Mientras tanto, en Colombia, el Congreso busca respuestas a estos riesgos con el Proyecto de Ley 261 de 2024, que pretende restringir el acceso a redes sociales para menores de 14 años sin autorización parental. La propuesta pretende proteger a los niños del ciberacoso, la explotación digital y la exposición a contenido violento. En teoría, la iniciativa parece sensata, pero ¿prohibir redes realmente resuelve estos problemas o solo genera una falsa sensación de control?

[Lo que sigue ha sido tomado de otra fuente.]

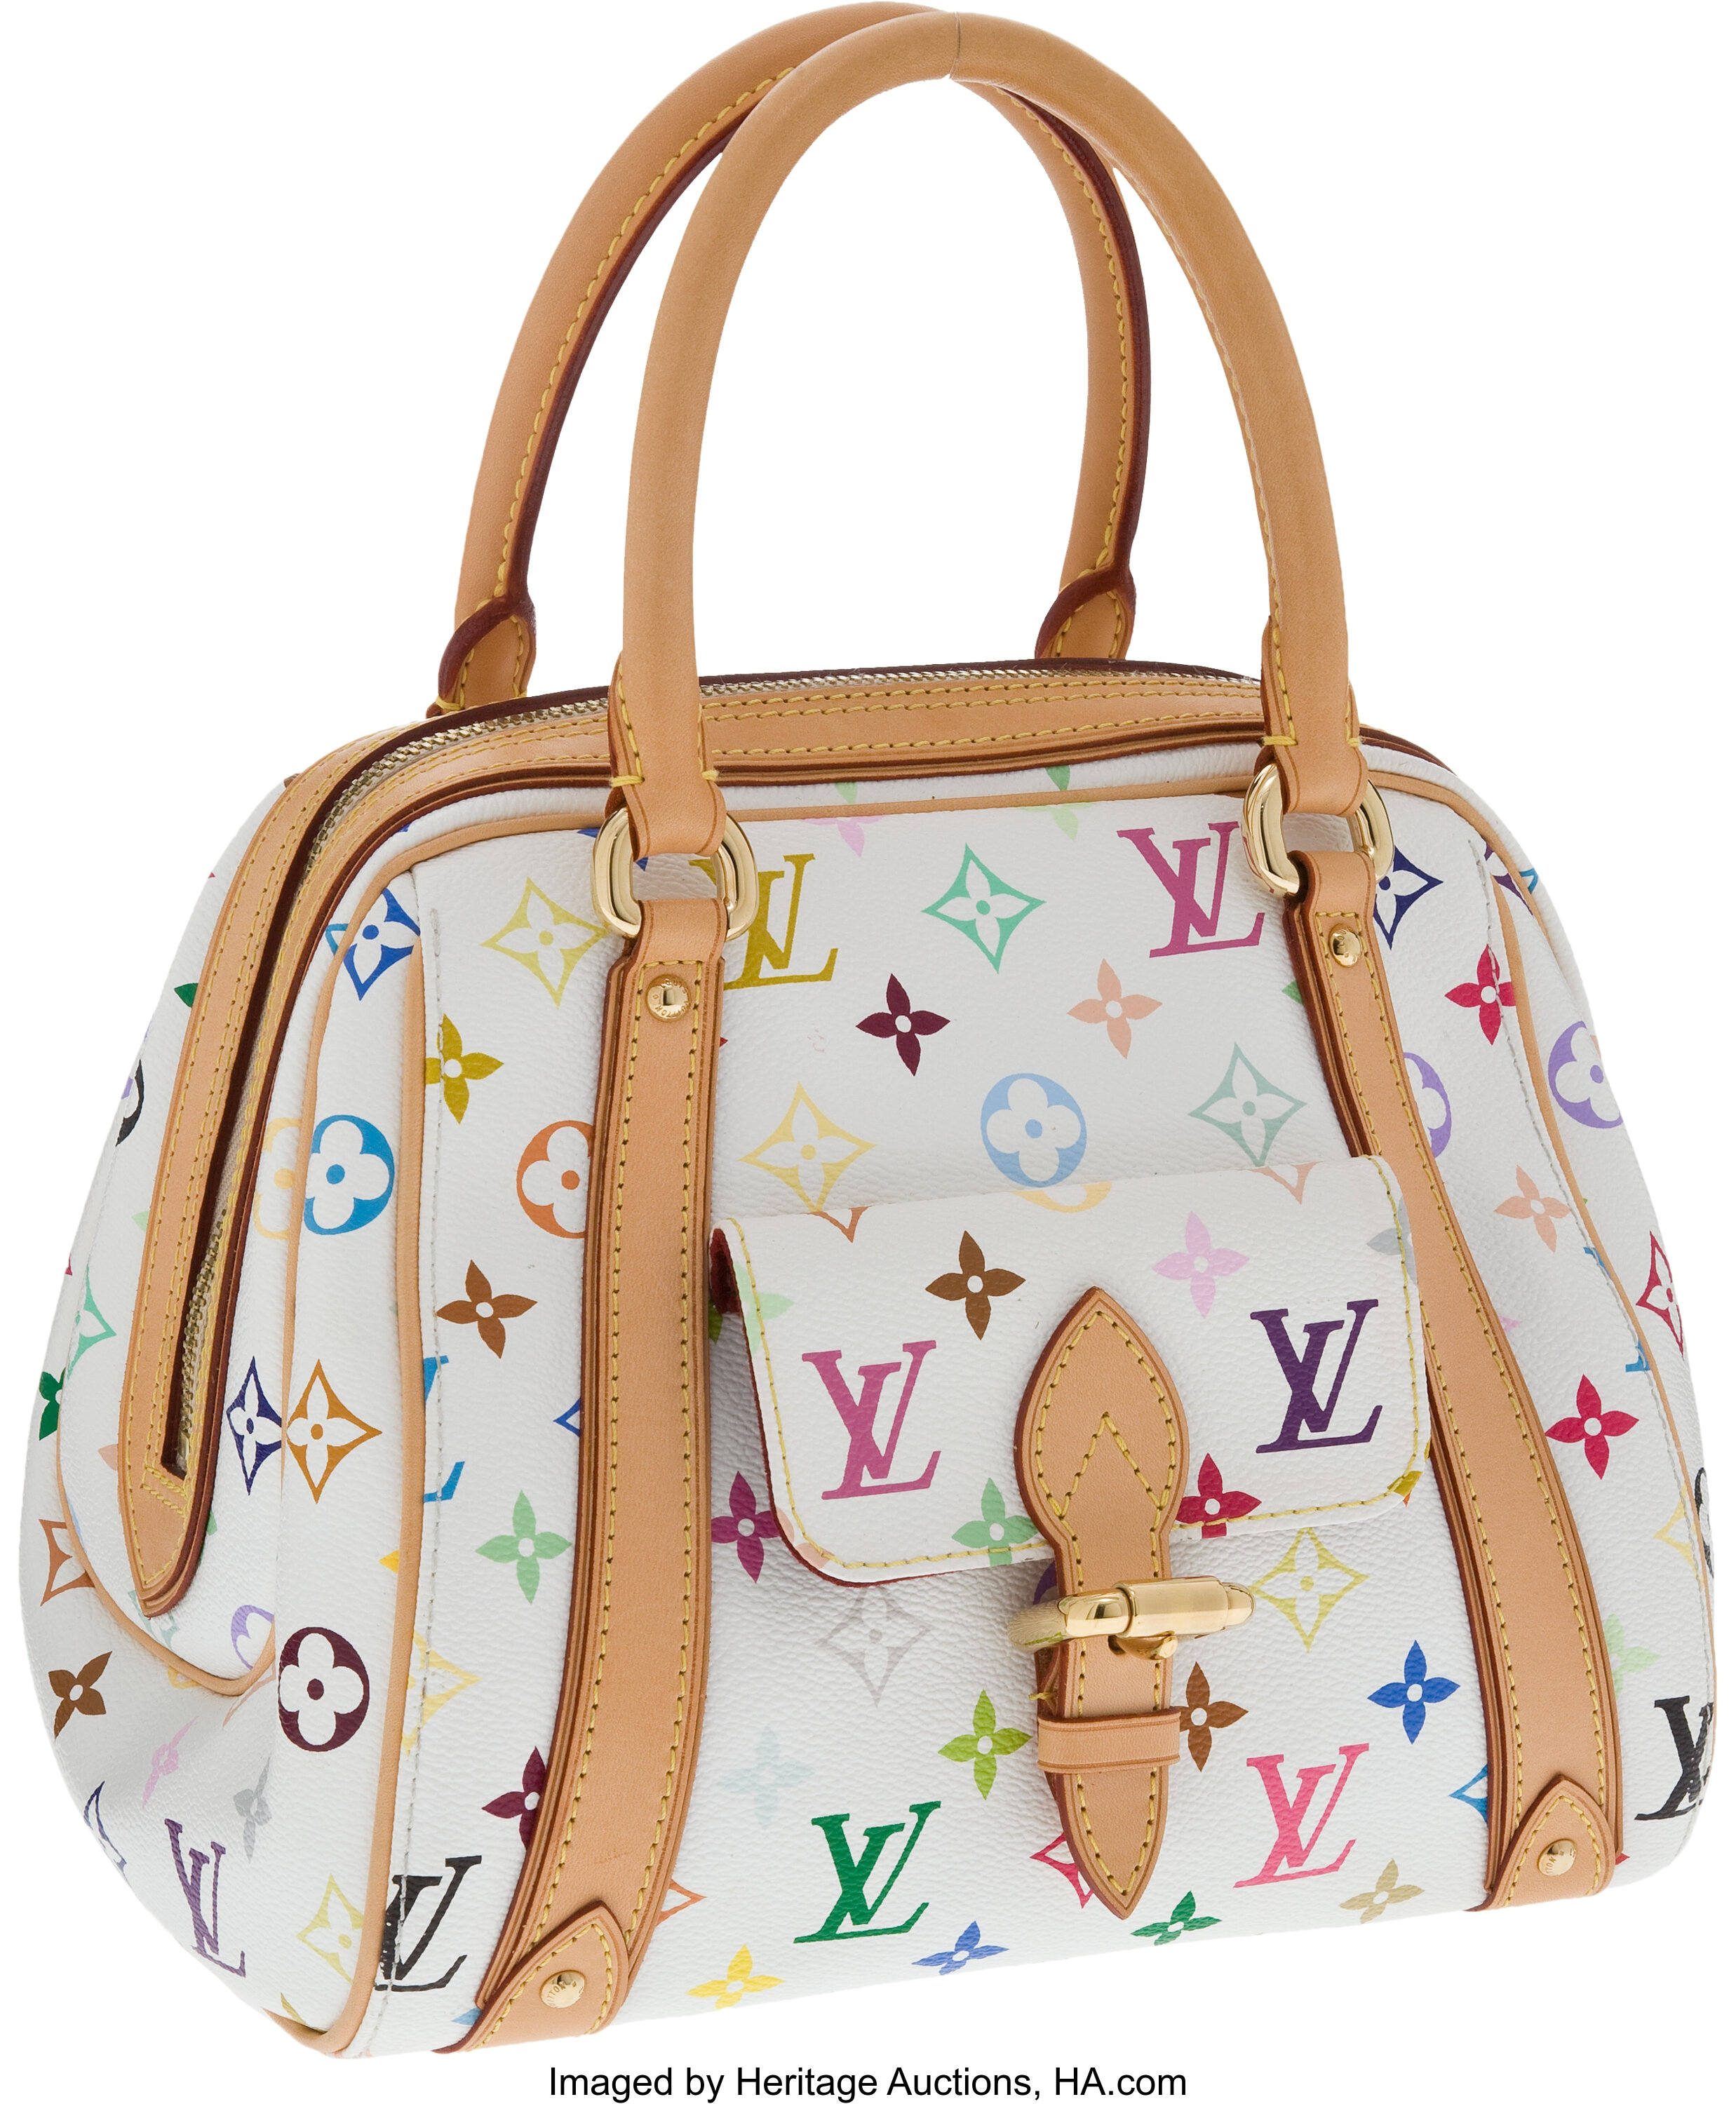 Sold at Auction: Louis Vuitton, Louis Vuitton Multicolor Alma Handbag

El debate sobre el acceso de los menores a redes sociales no puede darse sin abordar una realidad incomoda: muchos padres han delegado la crianza a las pantallas. No es un juicio moral, es un hecho. Unicef estima que 75% de los niños entre 9 y 17 años navega por internet sin supervisión efectiva. En Colombia, un informe del Icbf advierte que 22% de los adolescentes ha sido víctima de ciberacoso.
Sí la regulación es necesaria, la educación digital lo es aún más. Prohibir redes sin estrategias de alfabetización digital y supervisión parental es un esfuerzo insuficiente. La evidencia sugiere que cuando los adolescentes no encuentran acompañamiento adecuado, buscan maneras de burlar las restricciones. En España, donde la edad mínima para usar redes sociales se elevó a 16 años, 45% de los menores de 14 años ya tiene perfiles en plataformas digitales. En Colombia, 87% de los niños entre 10 y 14 años posee un smartphone. Es decir, la prohibición legal no impide el acceso, solo lo traslada a la clandestinidad digital. Hecha la ley, hecha la trampa.

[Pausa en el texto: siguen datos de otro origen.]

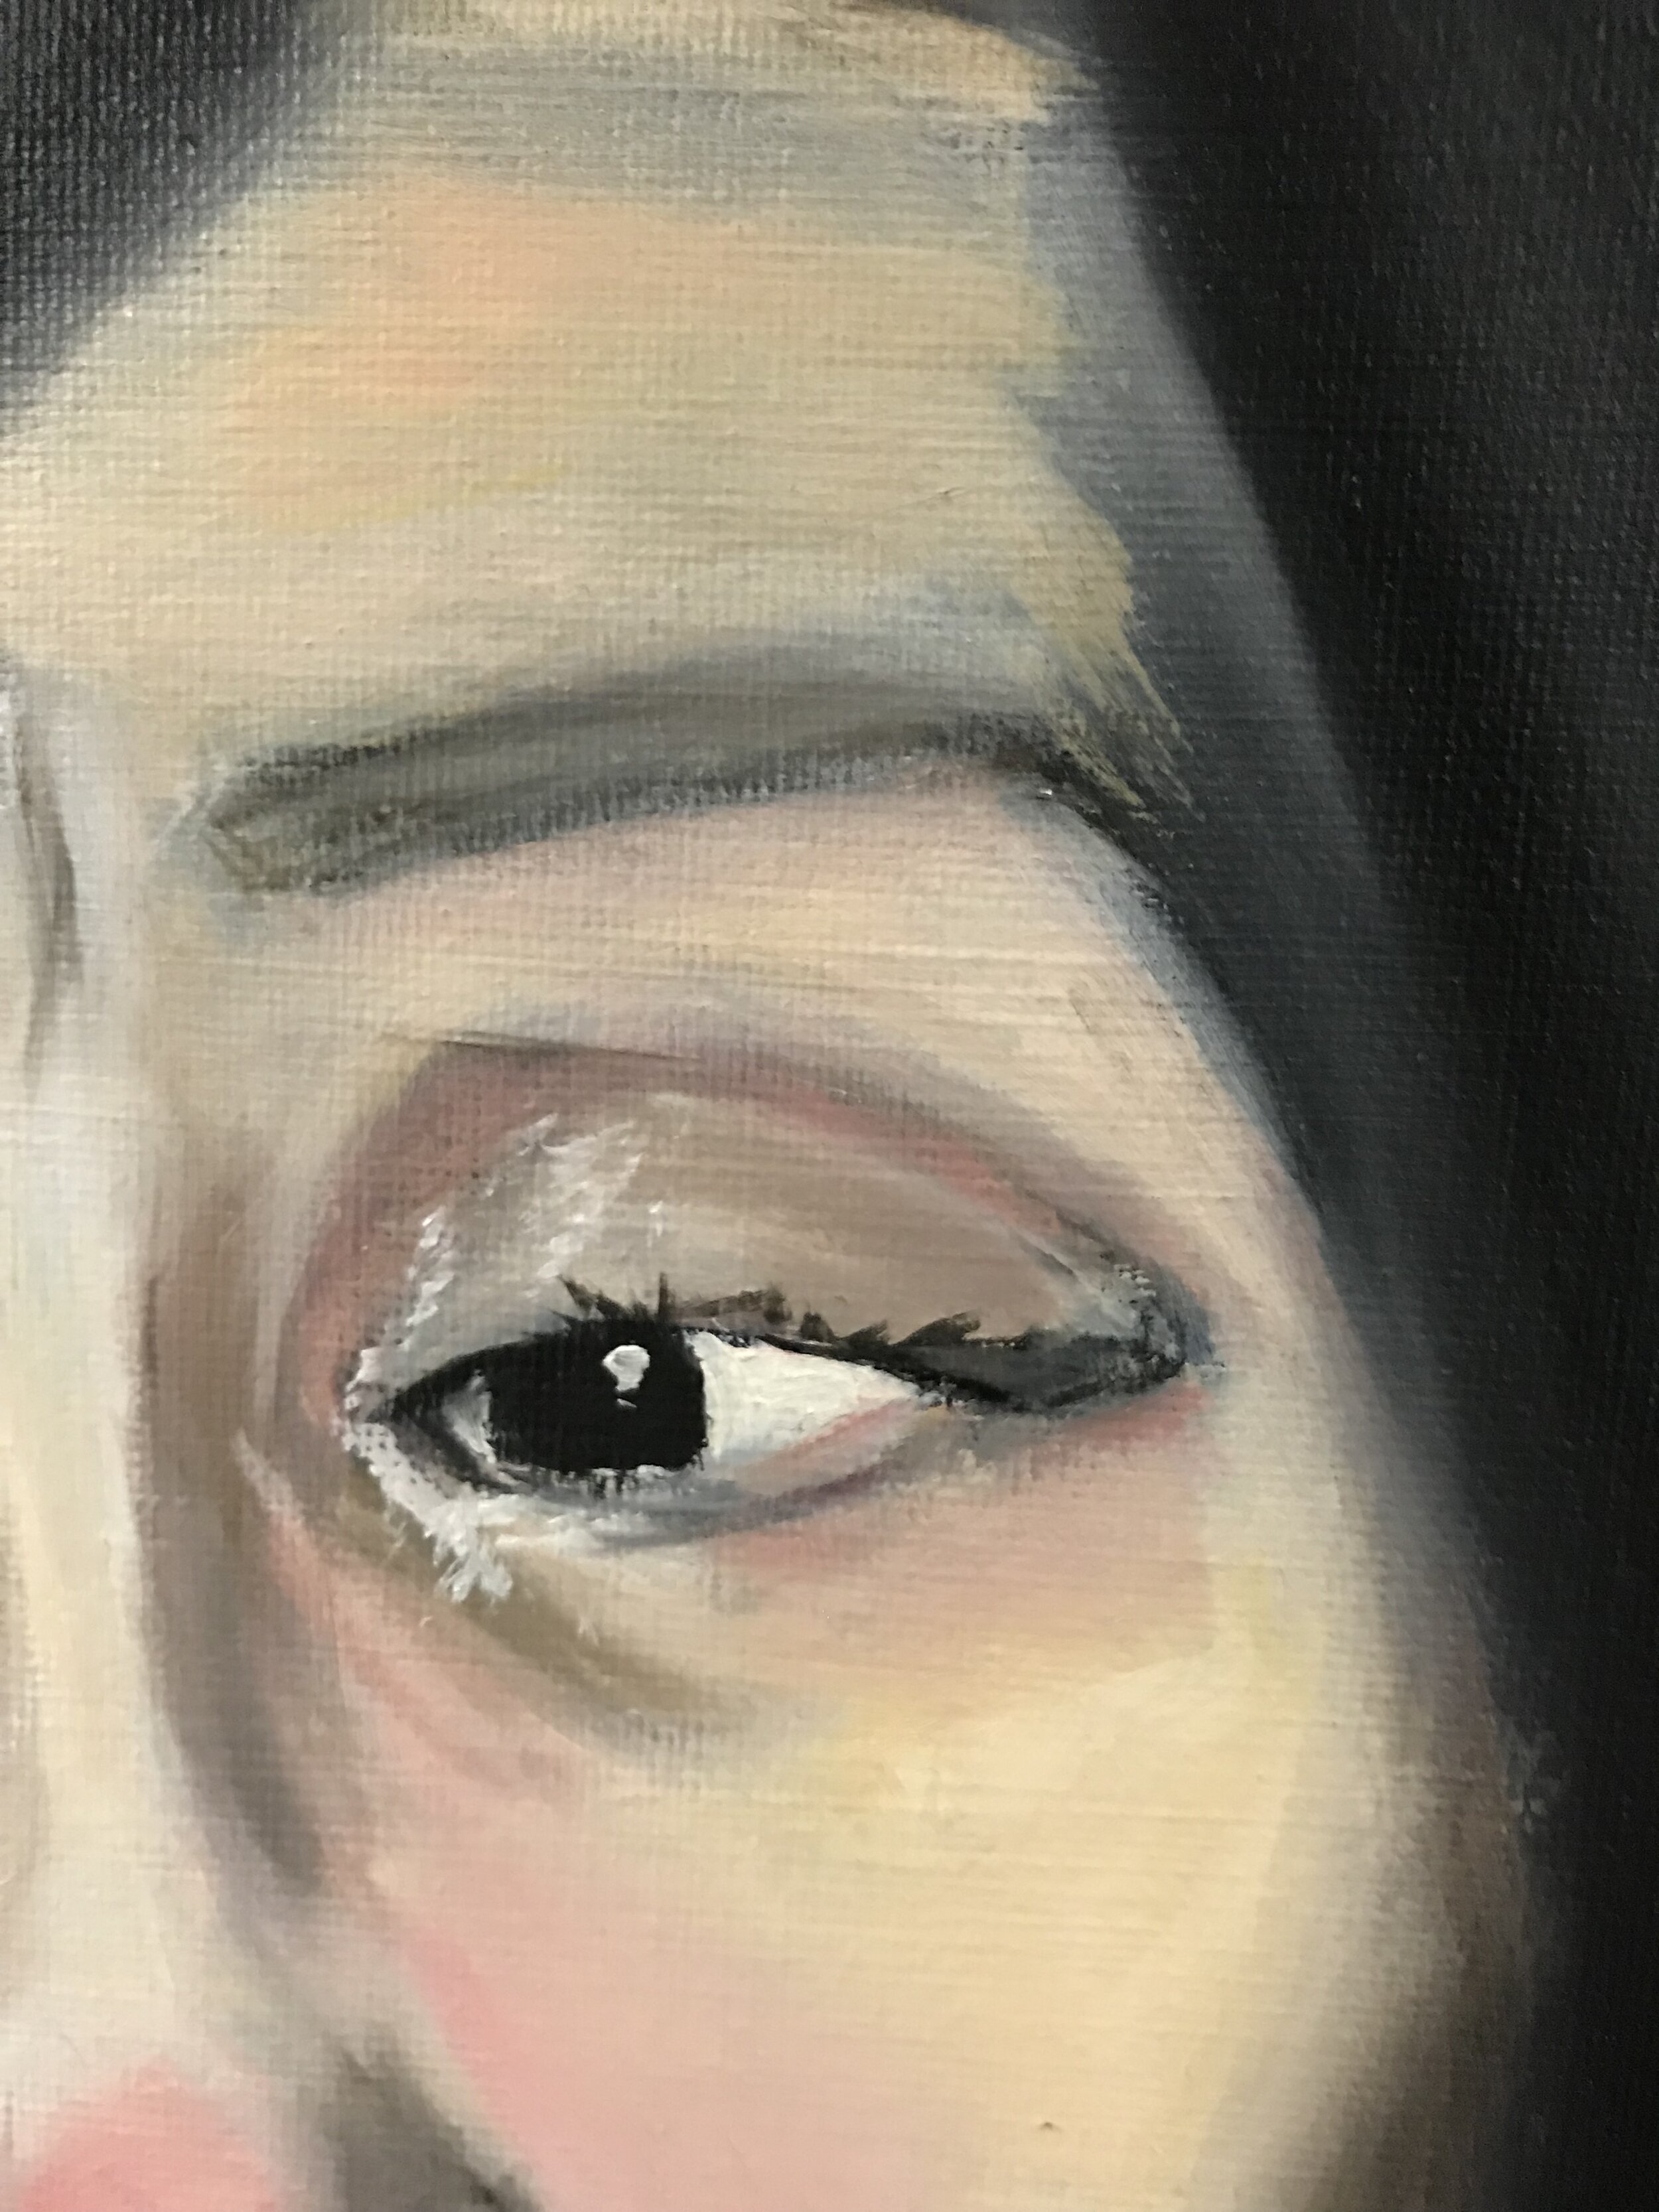 [Detail] “Atausiq” oil on canvas; 18 x 24 in (x3) (2017)

España apostó por una regulación más estricta, pero los resultados han sido ambiguos. Aunque el propósito era proteger a los menores, en la práctica, la medida ha empujado a los adolescentes hacia plataformas menos reguladas y al uso de cuentas falsas, lo que dificulta aún más su protección.
La pregunta entonces no es si se debe restringir el acceso, sino cómo hacerlo sin generar efectos contraproducentes. En lugar de simplemente prohibir, es necesario garantizar mecanismos de educación digital y supervisión parental real, que enseñen a los menores a moverse en estos entornos con criterio y seguridad.
Si el contenido que consumen los adolescentes es violento, misógino o riesgoso, el problema no son únicamente las plataformas. Las redes sociales amplifican lo que ya existe en la sociedad. No crean la violencia, pero la exponen con inmediatez.
No se trata de defender el modelo de negocio de las plataformas digitales ni de desconocer su impacto en la salud mental de los jóvenes. Se trata de reconocer que la regulación por sí sola no resuelve el problema. Si el objetivo es proteger, hay que abordar los factores estructurales que llevan a los menores a consumir y reproducir contenido problemático.
Regular el acceso de los menores a redes sociales es un debate necesario, pero una prohibición sin estrategias complementarias es insuficiente. Una política efectiva debe incluir educación digital integral, participación de las familias y mecanismos de supervisión que no solo restrinjan, sino que enseñen.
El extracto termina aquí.